Monday, March 11, 2013

A Different Kind of Writing

I hated English in high school. Middle school, too. Oh, and "Language Arts" as we called it when I was even younger. To be perfectly honest, I still don't know what a verb is. I know what a verb does, but point me at a sentence and ask me to pick out the verb and I'm going to struggle. I can get easy ones, and easy nouns as well, but ask me about adjectives and adverbs and I find myself recalling the jingles from Schoolhouse Rock and working from there!

There are a few reasons I have this trouble. For one, I was pretty much blind through 6th and 7th grades. At that age image and appearance are everything and no way I was getting glasses. I'd seen other kids crucified for wearing glasses and dang if it was going to be me. But I couldn't see the chalkboard. When the teacher was diagramming all those sentences it was all just a blur to me. I didn't even copy down the homework most of the time. Memorizing the eye chart helped beat the crude screeners at school and kept me out of the optometrists office. Eventually an adult at church found me out at a Wednesday night bowling league. The jig was up though it was nice to be finally able to see. I got razzed a bit but it didn't change my fortunes with the girls at all. I was still dismal.

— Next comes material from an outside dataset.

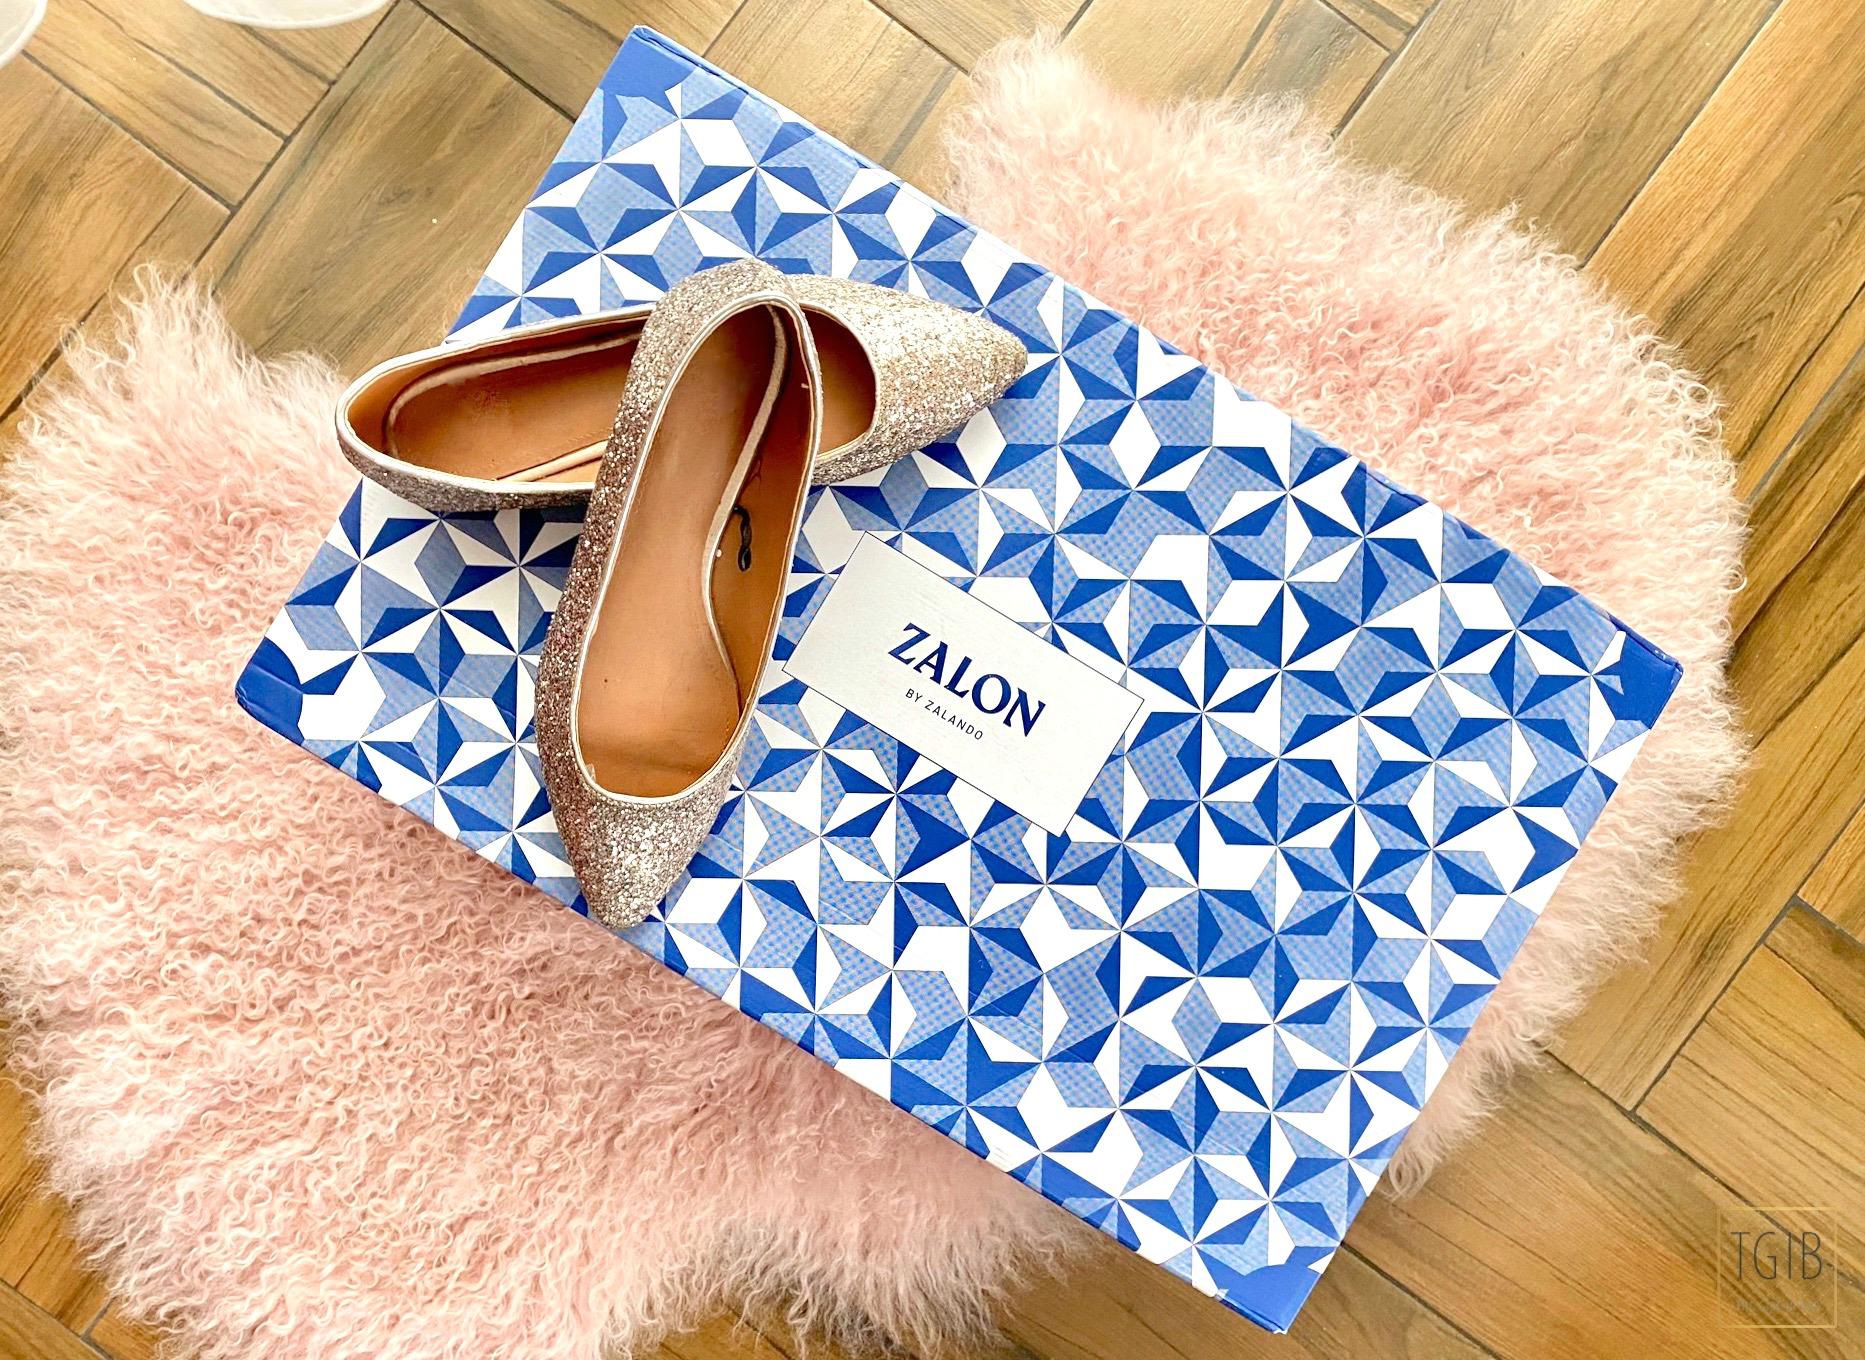 Zalon Box Unboxing

I said there are a few reasons and here's the other one. My brain doesn't work that way. Period.

However, my dad always said that writing was important. I didn't know what he meant at the time, but having become a writer myself, I now wish I'd gone to glasses a bit earlier. Perhaps diagramming those sentences at school would have made a tad more sense. but then again, my brain doesn't work that way, obviously. Which is why I became a rocket scientist.

I'm not going to go into how I wound up writing and loving it, but I can go into how being a rocket scientist really helped my ability to write novels. Much of what I did, and still do from time to time, involved developing mathematical models of aerospace systems, like missiles and aircraft and satellites, and translating those equations into computer simulations. These simulations could be hundreds or thousands of lines long and contain dozens of separate variables and modules and subroutines. It is critical to hold all of this in your hear and how it relates to the overall structure of the program.

Sound a bit like writing a novel? It is. Characters, setting, and plot all require us to hold a lot of interrelated information in our heads so we can complete the story and have it make sense. Then, when we have to "go back in" and make changes, we must remember everywhere that change then effects the story. Just like in code. Sure, there are a lot of things about writing a novel that have nothing to do with computer programming, like lines of tension, drama, and character development, but I got plenty of that working for the DOD as well. Talk about characters!

I'm now starting a bit different part of my professional career. Having done the simulation thing for a long time now, I've found a way to combine my two loves; writing and technology. I'm writing proposals. The government and the Department of Defense release a lot of RFP's or Request for Proposal. When they need something built, everything from a new jet fighter to a redesign of the Army's shovel, the contract it out. Companies spend a lot of money writing proposals, competing with other companies, to prove they are the ones that can do it the best. It isn't writing novels, but just as coding helped me in my novel writing, novel writing has helped me in proposals.

One of the things that was hardest to get through my head when I began writing, besides nouns and verbs, was the idea of audience. I would write stuff that I thought was cool, and my friends thought so, but it didn't really have an "audience" as we writers understand it. Everything from word choice, to plot complexity, to characters define your audience. I'd finished three novels before it finally dawned on me: yes, I'm writing for me, but not just for me. If I want to share my ideas, I have to express them in a way that draws in an audience.

So, when I began writing proposals, I immediately thought of my audience. While I strongly feel that our team is the best for the job, I needed to make sure the people reviewing this proposal realize that. So I ask: Who is going to be reviewing this proposal? What are their problems? What kinds of programs have they funded in the past? Have previous contractors done a bad job? How are we different and, more importantly, better than the competition? They are the same questions we ask about characters, setting, and plot as we develop a story for a specific market.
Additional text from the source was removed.